We had only one strain that had a gyrB mutation without a mutation in gyrA. The fact that four different amino acid changes had been observed at the gyrB codon in question (T500A/I/N/P) constitutes a potential signal for drug selection (7, 34, 35). In line with this observation, allelic exchange experiments with T500N in an Erdman background increased the MIC from wild-type levels to the CC for OFX and LFX and just above the CC for MFX (36). The results of the equivalent experiment in an H37Rv background were identical for OFX and LFX, but no increase in MIC was observed for MFX (36). In accordance with the results of the in vitro selection experiments and the aforementioned allelic exchange experiments, this suggested that the MIC of the strain with gyrB T500N was close to the ECOFF, which, due to biological and technical variability (e.g., for reproducibility, the ISO guidelines allow ±1 dilution of the mode for ≥95% of the results), would likely result in a poor reproducibility of DST (32, 37 – 39). Irrespective of whether this slightly elevated MIC increases the likelihood of treatment failure, it is possible that it increases the likelihood of selecting for higher levels of fluoroquinolone resistance due to a gyrA mutation or a secondary gyrB mutation, as observed for streptomycin (36, 40, 41). Larger data sets, ideally with longitudinal samples from the same patients, would be required to clarify this possibility (i.e., to determine in which order gyrA and gyrB mutations arose in double mutants, such as the five strains observed in this study [Fig. 1; see also Table S1 in the supplemental material]).

Using the published area under the concentration-time curve from time zero to 24 h (AUC0–24) of 47.59 ± 7.85 mg · h/liter for the currently approved dose of AFX (i.e., a 200-mg daily dose following a 400-mg loading dose) and protein binding of 17.5%, the unbound fAUC0–24/MIC ratio for the wild-type MICs of 0.064 to 1 μg/ml would range from 613.46 ± 101.19 h to 39.26 ± 6.48 h (42, 43). Although there is no consensus on the precise fAUC0–24/MIC ratio that best predicts in vivo efficacy, ratios of >100 at the upper end of the wild-type distribution are likely required to maximize clinical success (44, 45). Given that the currently recommended dose of AFX is unusually low (probably because of a narrow clinical indication) compared with the doses of the other fluoroquinolones used to treat tuberculosis, the target fAUC0–24/MIC of >100 at an increased dose is likely achievable, but this would have to be evaluated in clinical trials, where side effects would have to be monitored carefully.

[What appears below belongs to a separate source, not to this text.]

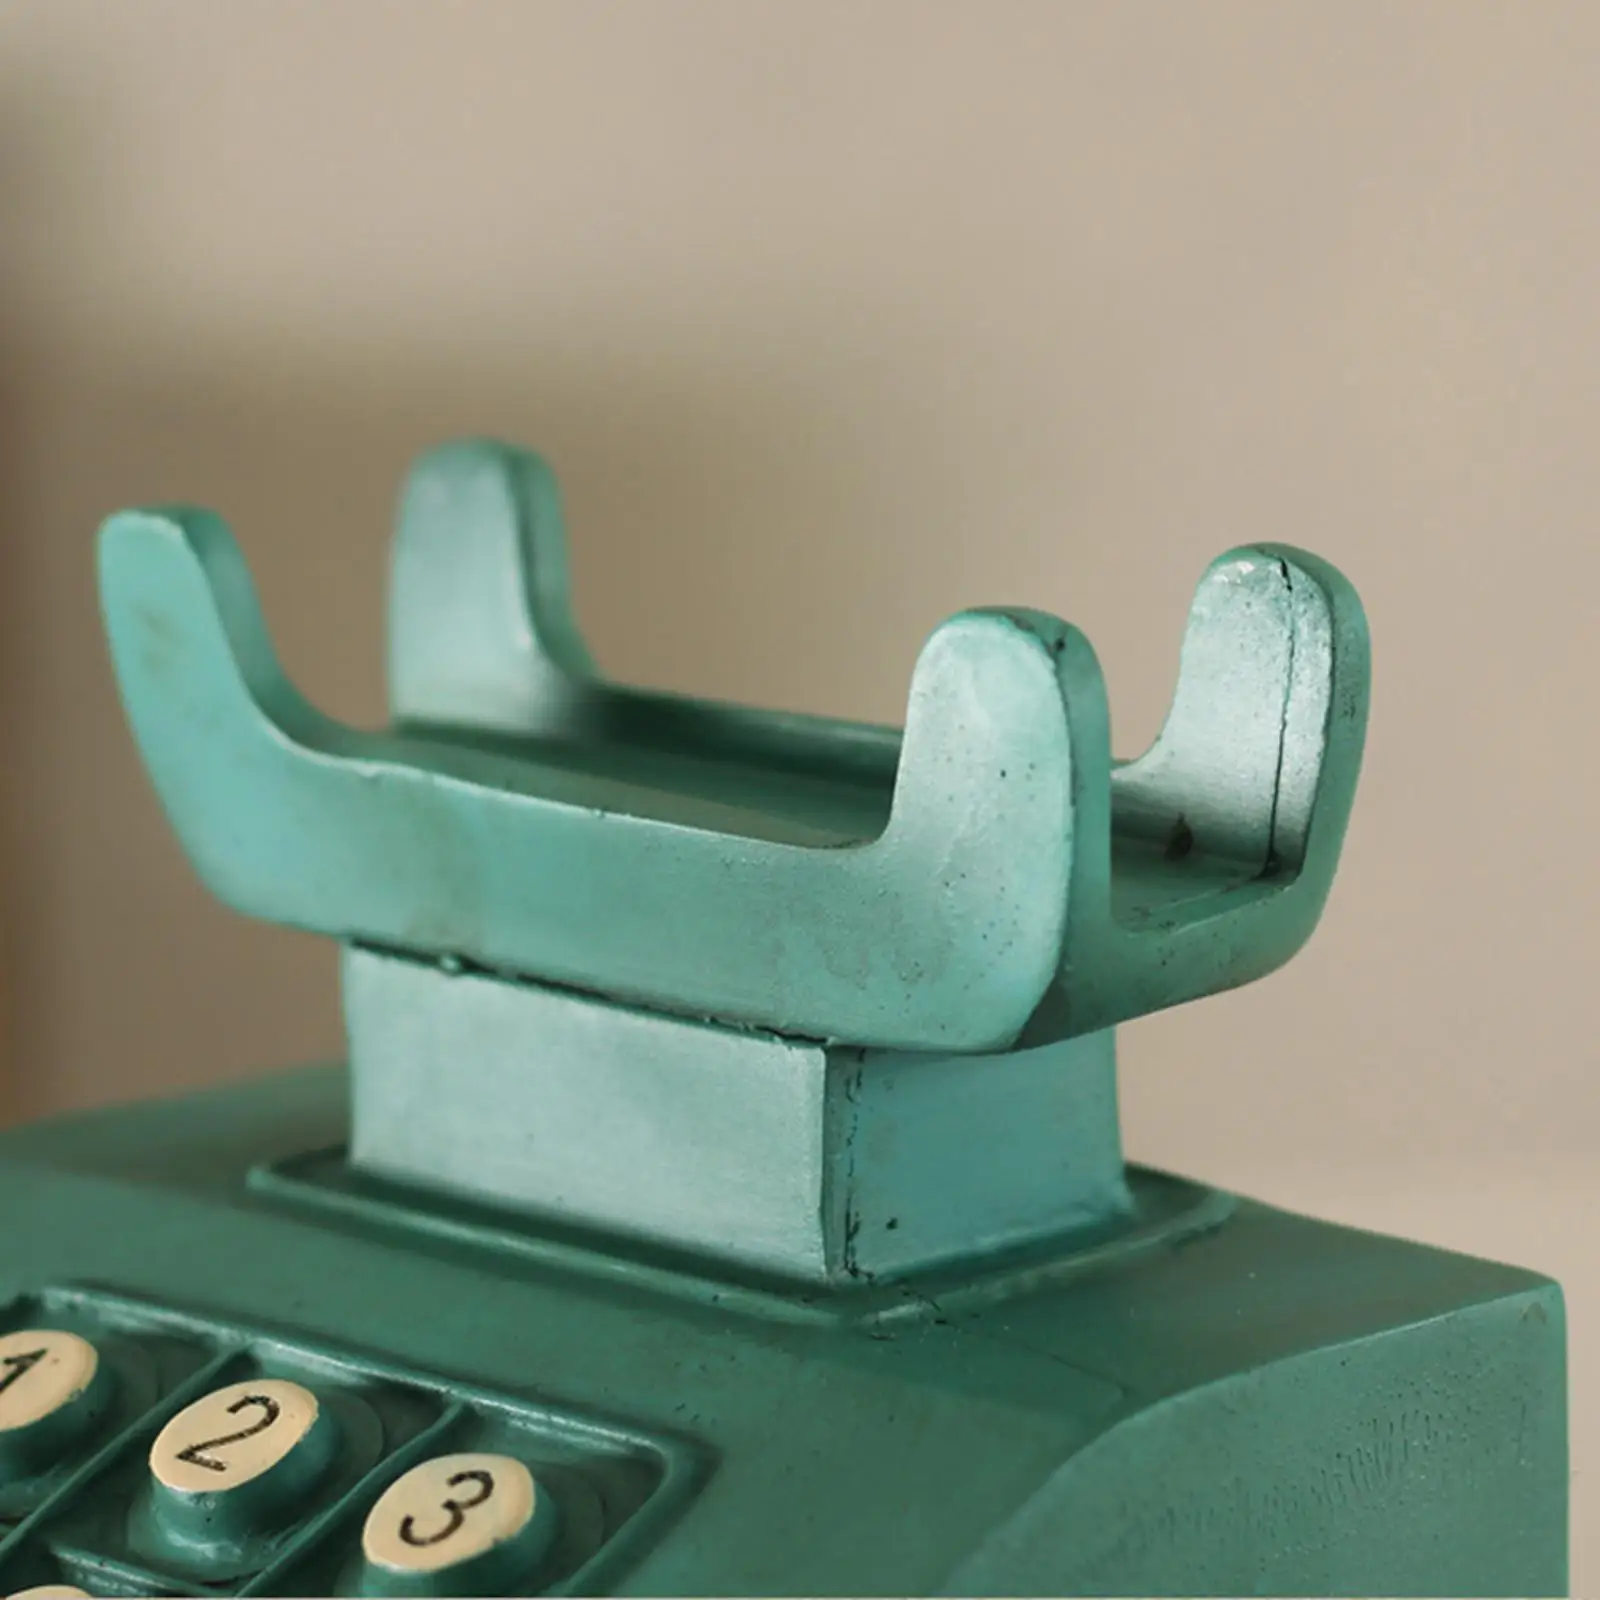 Creative American Telephone Model Figurine Resin Craft for Desktop Cafe Bar Hotel Decor

Our study also has implications for DST for OFX on LJ. Although the absolute concentration method has not been validated by the WHO for second-line drugs, it is used clinically with the CC recommended for the proportion method (29). In our case, we employed a CC of 2 μg/ml, which corresponded to the old CC for this drug for the proportion method, which the WHO recently increased to 4 μg/ml, although the rationale for this change is unclear (29). In light of the excellent correlation between the LJ DST results and MABA MICs for all four fluoroquinolones, which is in line with the findings of previous studies, this suggested that the revised CC is likely too high for the absolute concentration method, resulting in non-wild-type strains being misclassified as wild type (46, 47). This, together with prior studies that raised doubts regarding the validity of some CCs, underlined the fact that the WHO should start to apply modern microbiological principles and, crucially, to publish the evidence used to set CCs, as has been the case for EUCAST for many years (12, 27, 39).